━━━ Dataset content ━━━

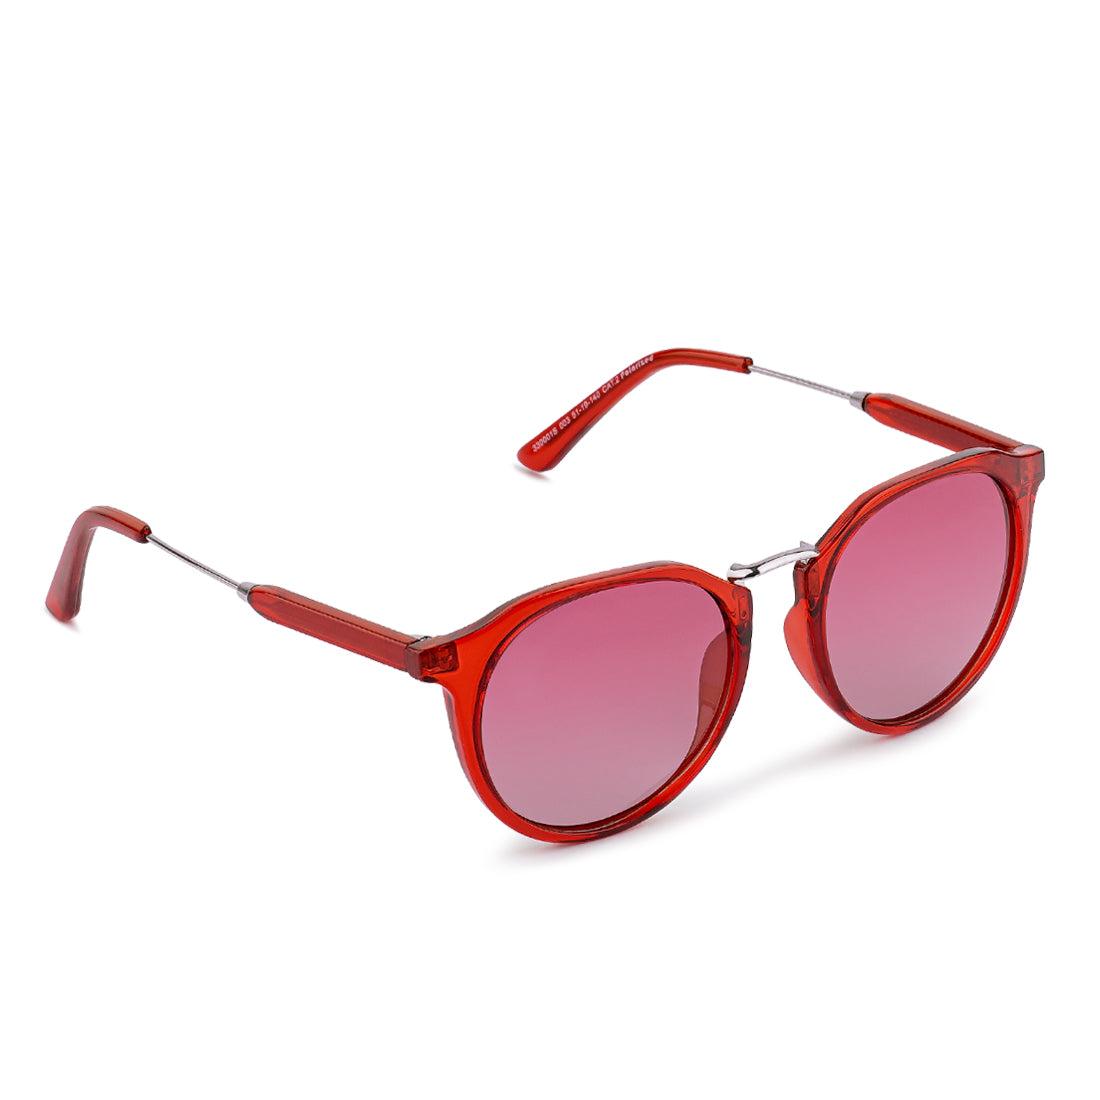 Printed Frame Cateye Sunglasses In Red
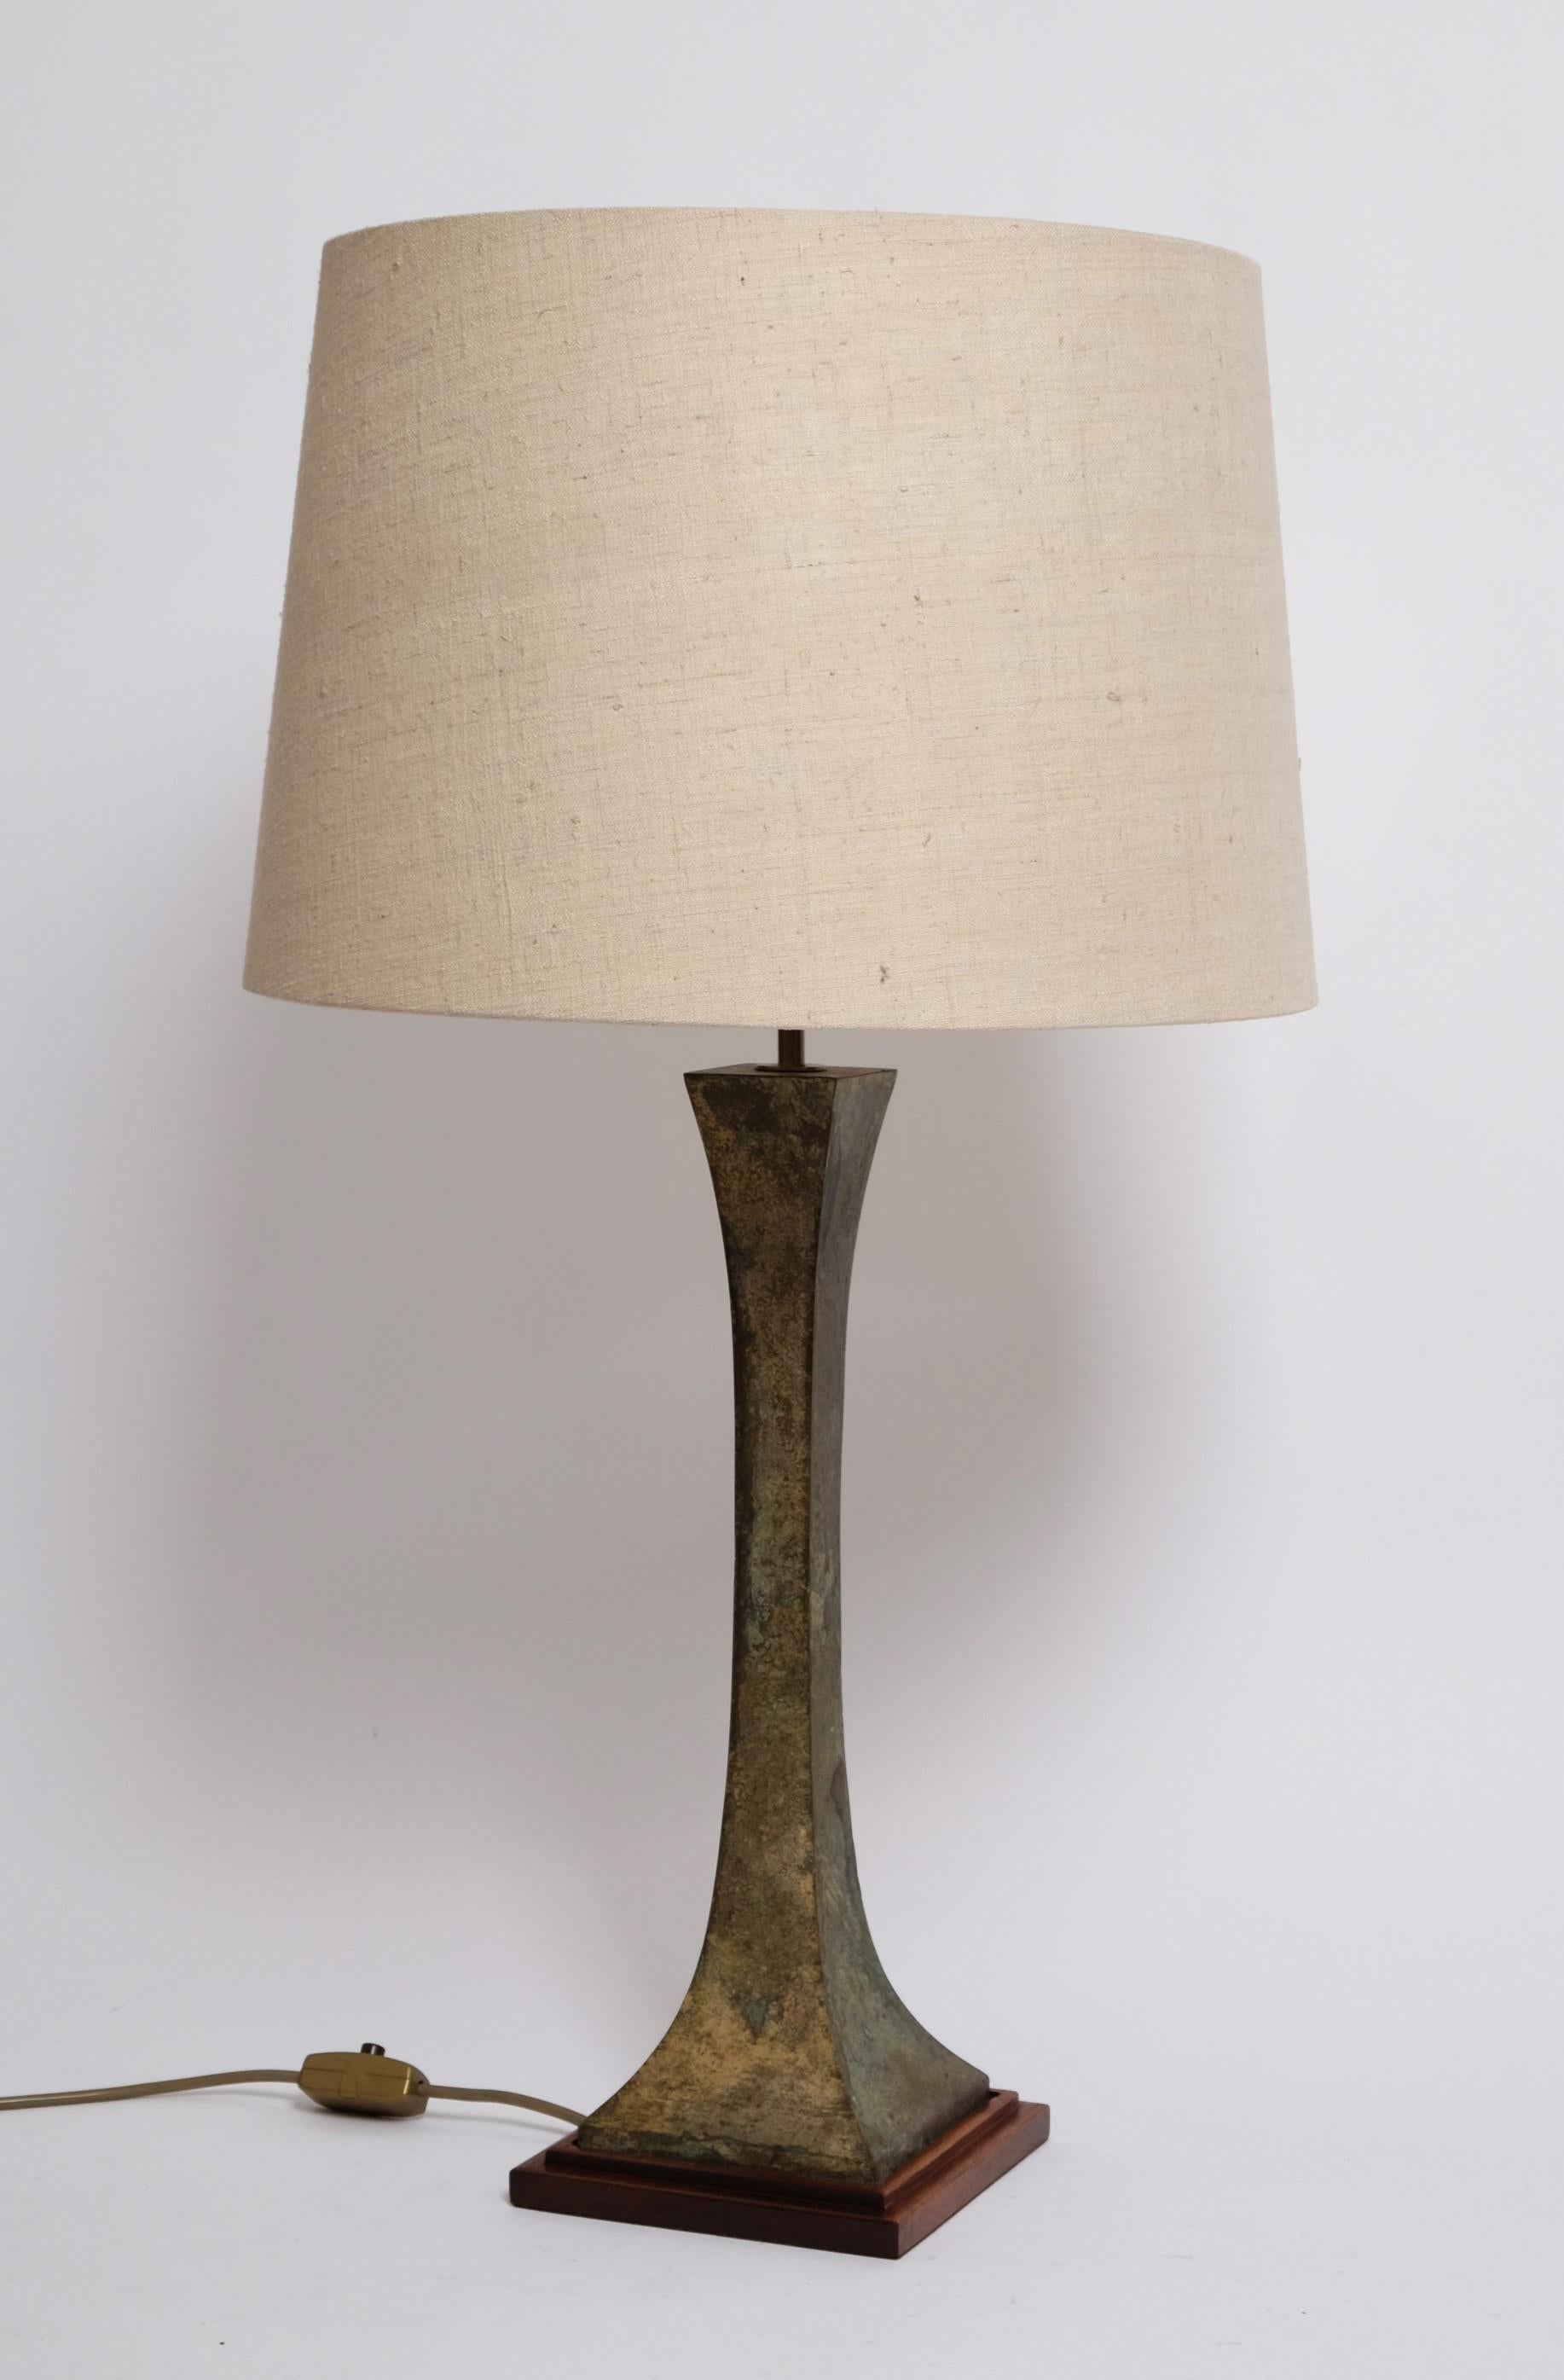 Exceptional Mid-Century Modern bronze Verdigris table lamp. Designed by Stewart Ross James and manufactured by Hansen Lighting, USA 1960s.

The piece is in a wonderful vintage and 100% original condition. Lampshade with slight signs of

━━━

Give back the material above exactly, without pictures.

 Printed Frame Cateye Sunglasses In Red
 Exceptional Mid-Century Modern bronze Verdigris table lamp. Designed by Stewart Ross James and manufactured by Hansen Lighting, USA 1960s.

The piece is in a wonderful vintage and 100% original condition. Lampshade with slight signs of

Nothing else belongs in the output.